Problem to solve =>
Return the run of lines below that opens with the line containing "MẪU WEBSITE COFFEE SHOP - TABIT" and closes with the line containing "Pencil Rubber Eraser", keeping each one exact.

Listed entries =>

━━━━

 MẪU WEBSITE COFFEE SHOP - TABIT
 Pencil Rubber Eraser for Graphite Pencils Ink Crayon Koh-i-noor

━━━━

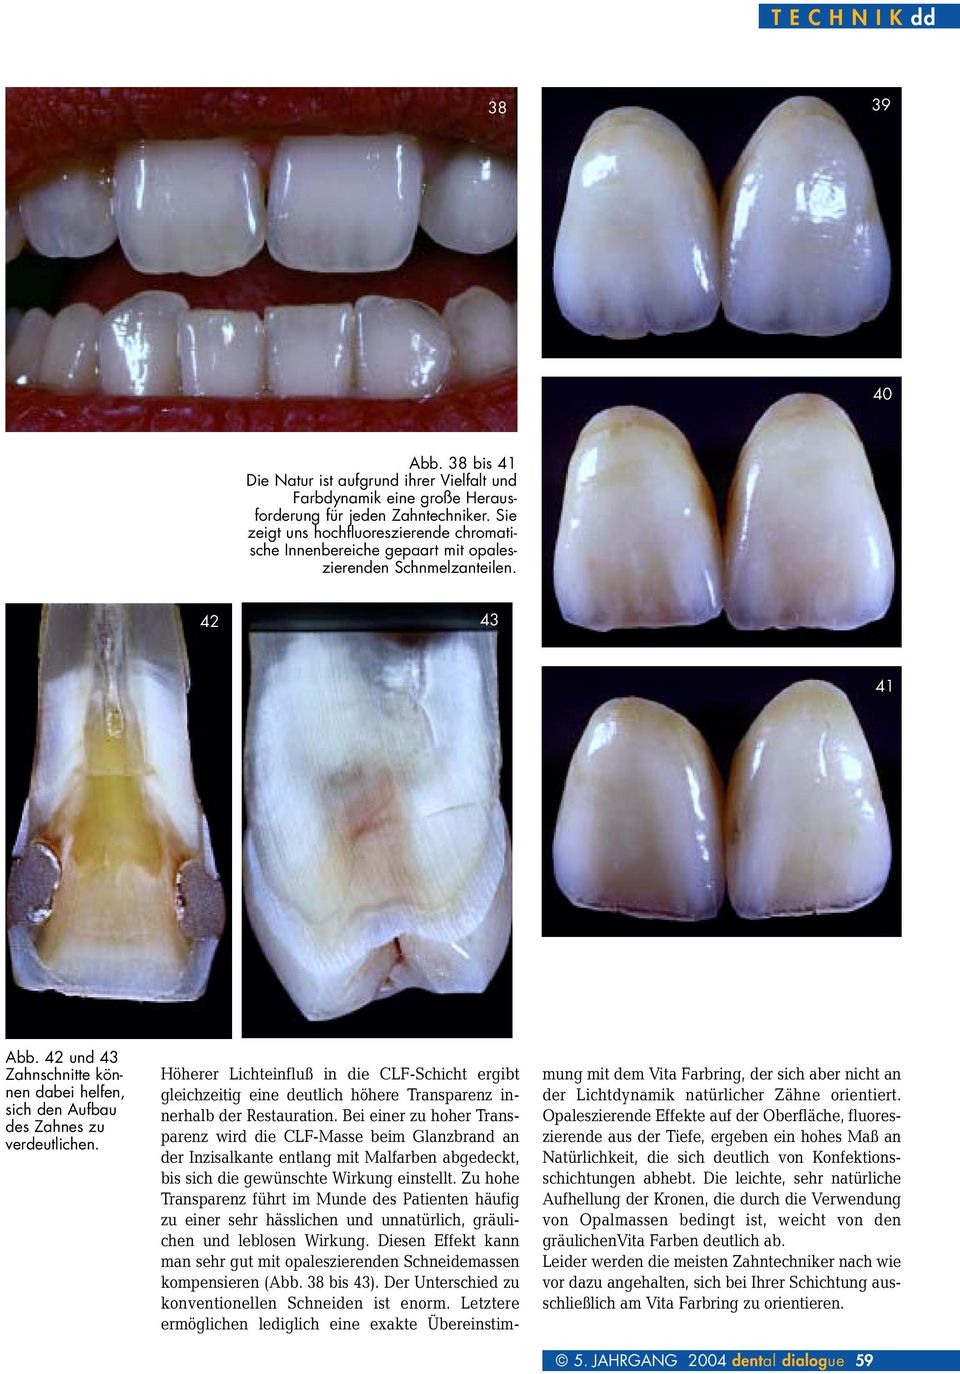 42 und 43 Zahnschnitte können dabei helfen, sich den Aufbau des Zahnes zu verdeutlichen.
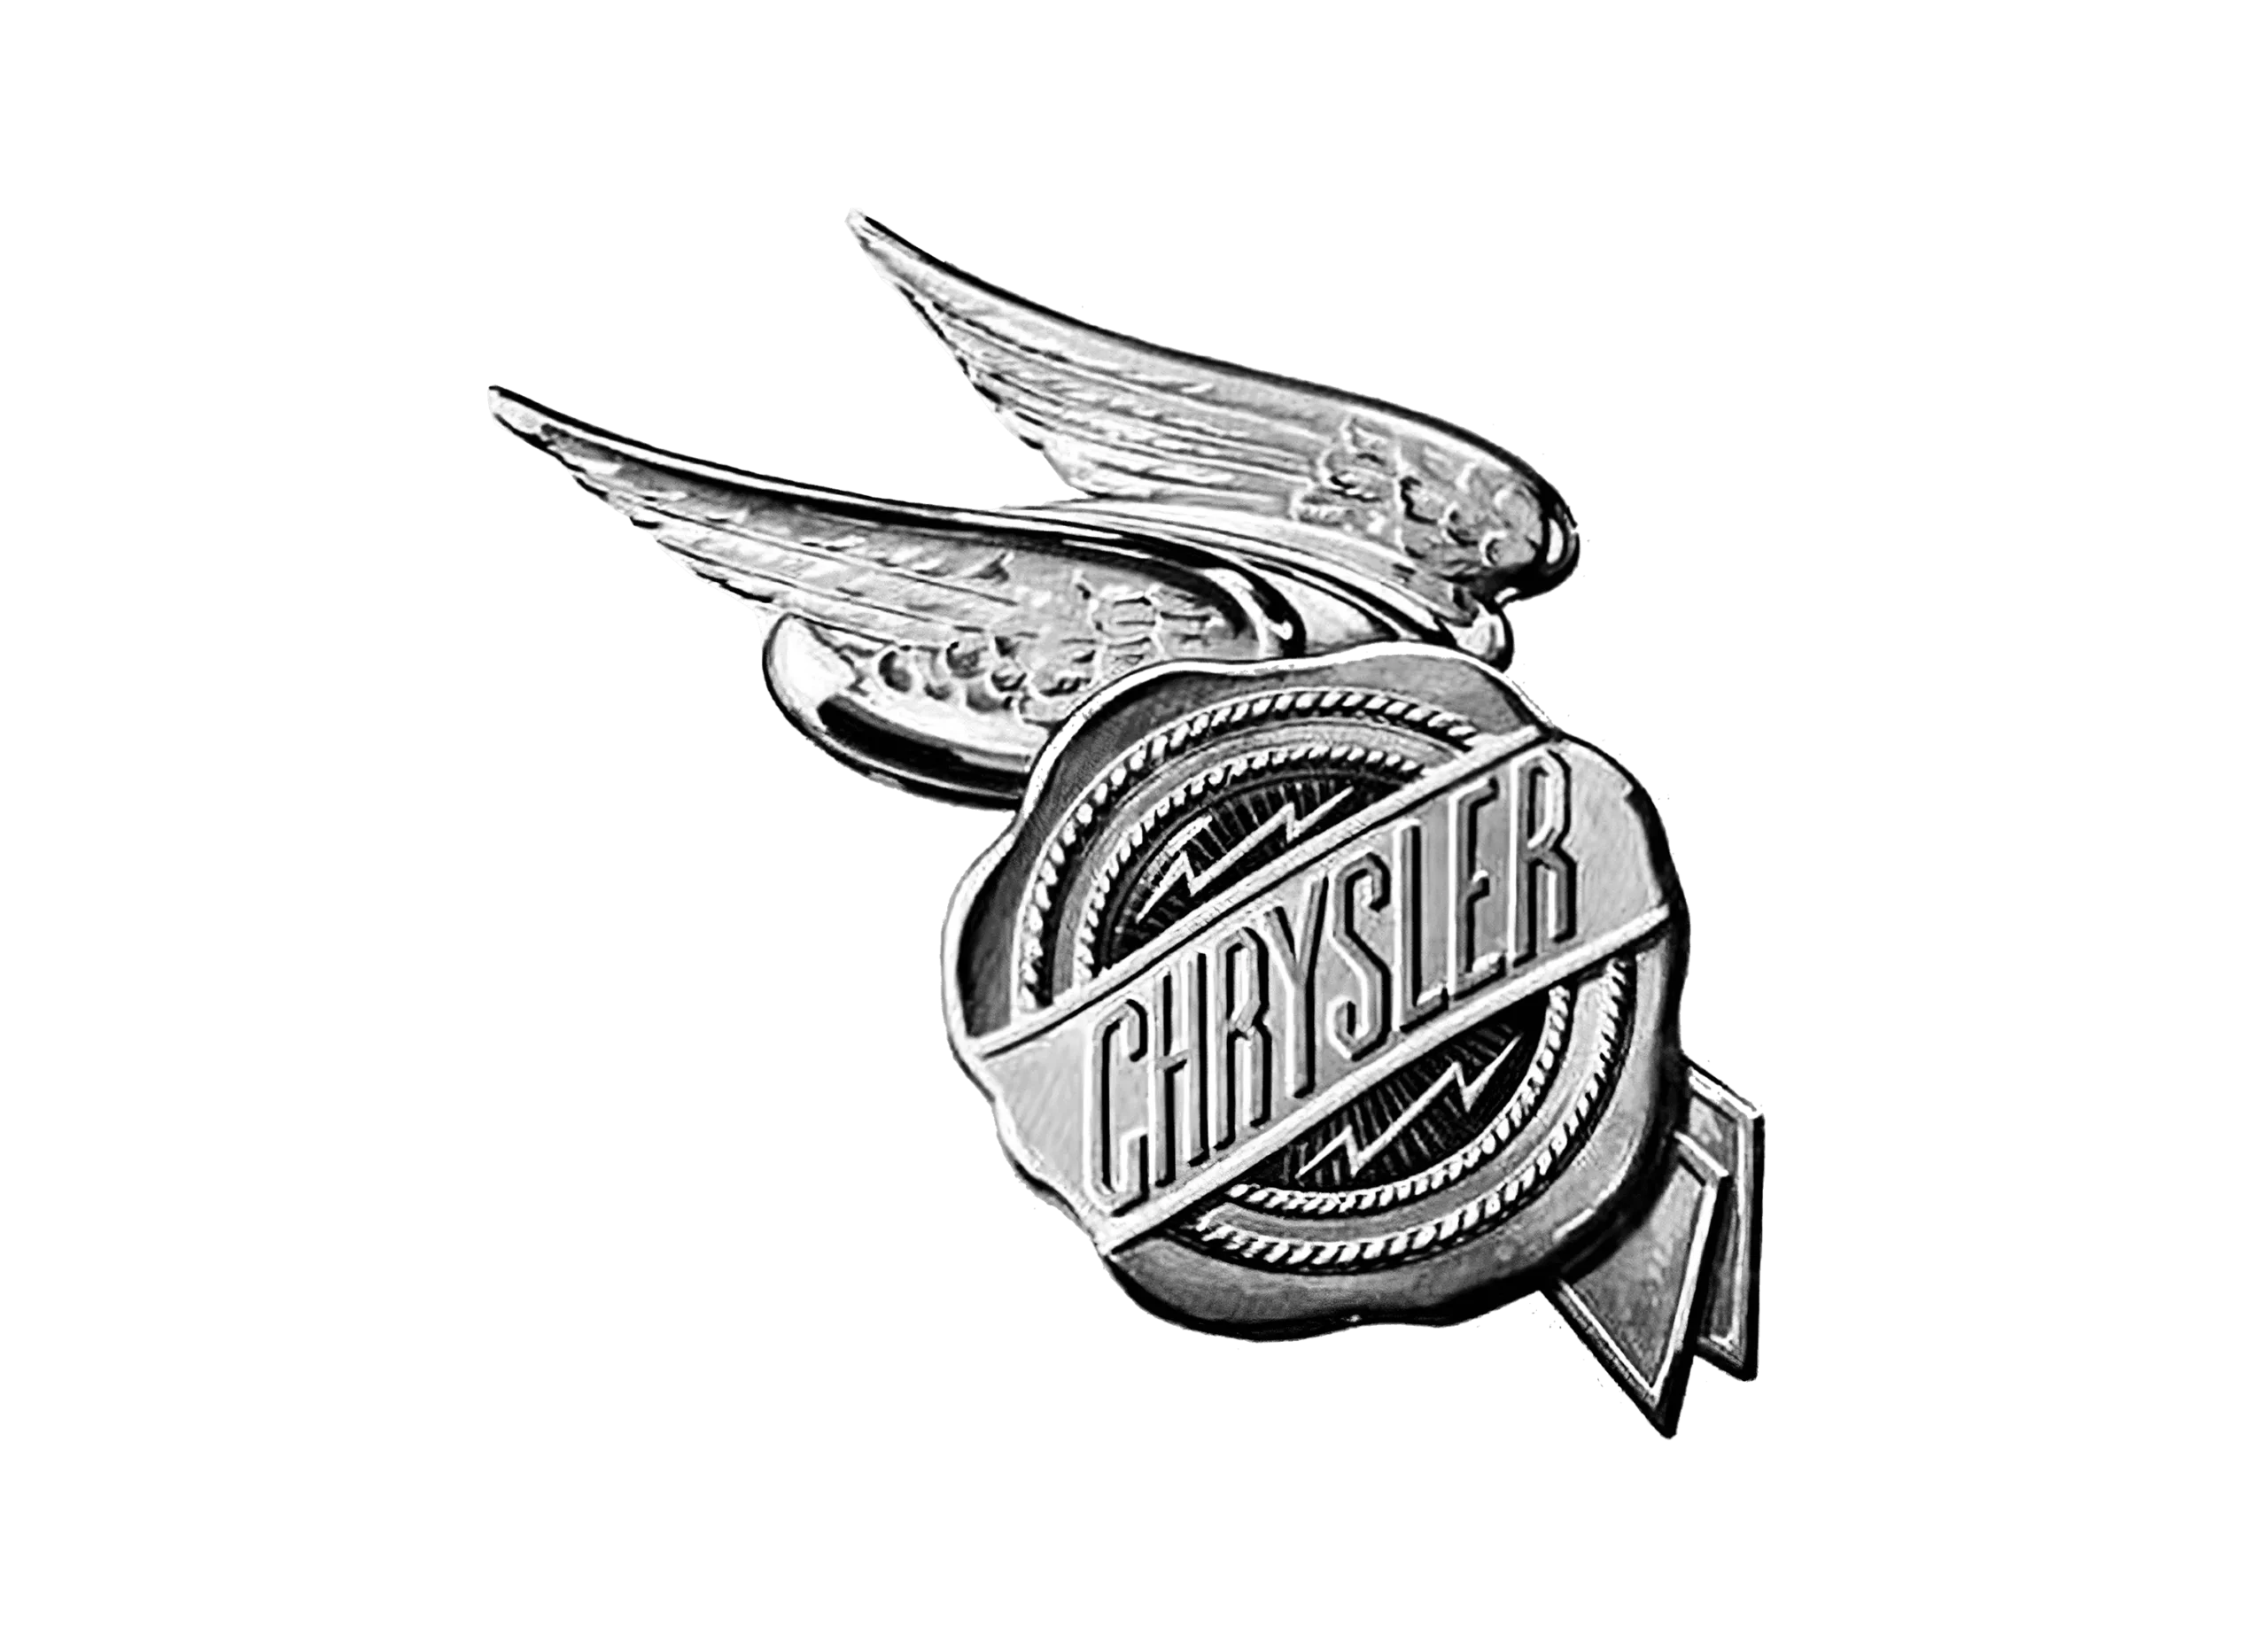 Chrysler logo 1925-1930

━━━━

Exercise output =>
 MẪU WEBSITE COFFEE SHOP - TABIT
 Pencil Rubber Eraser for Graphite Pencils Ink Crayon Koh-i-noor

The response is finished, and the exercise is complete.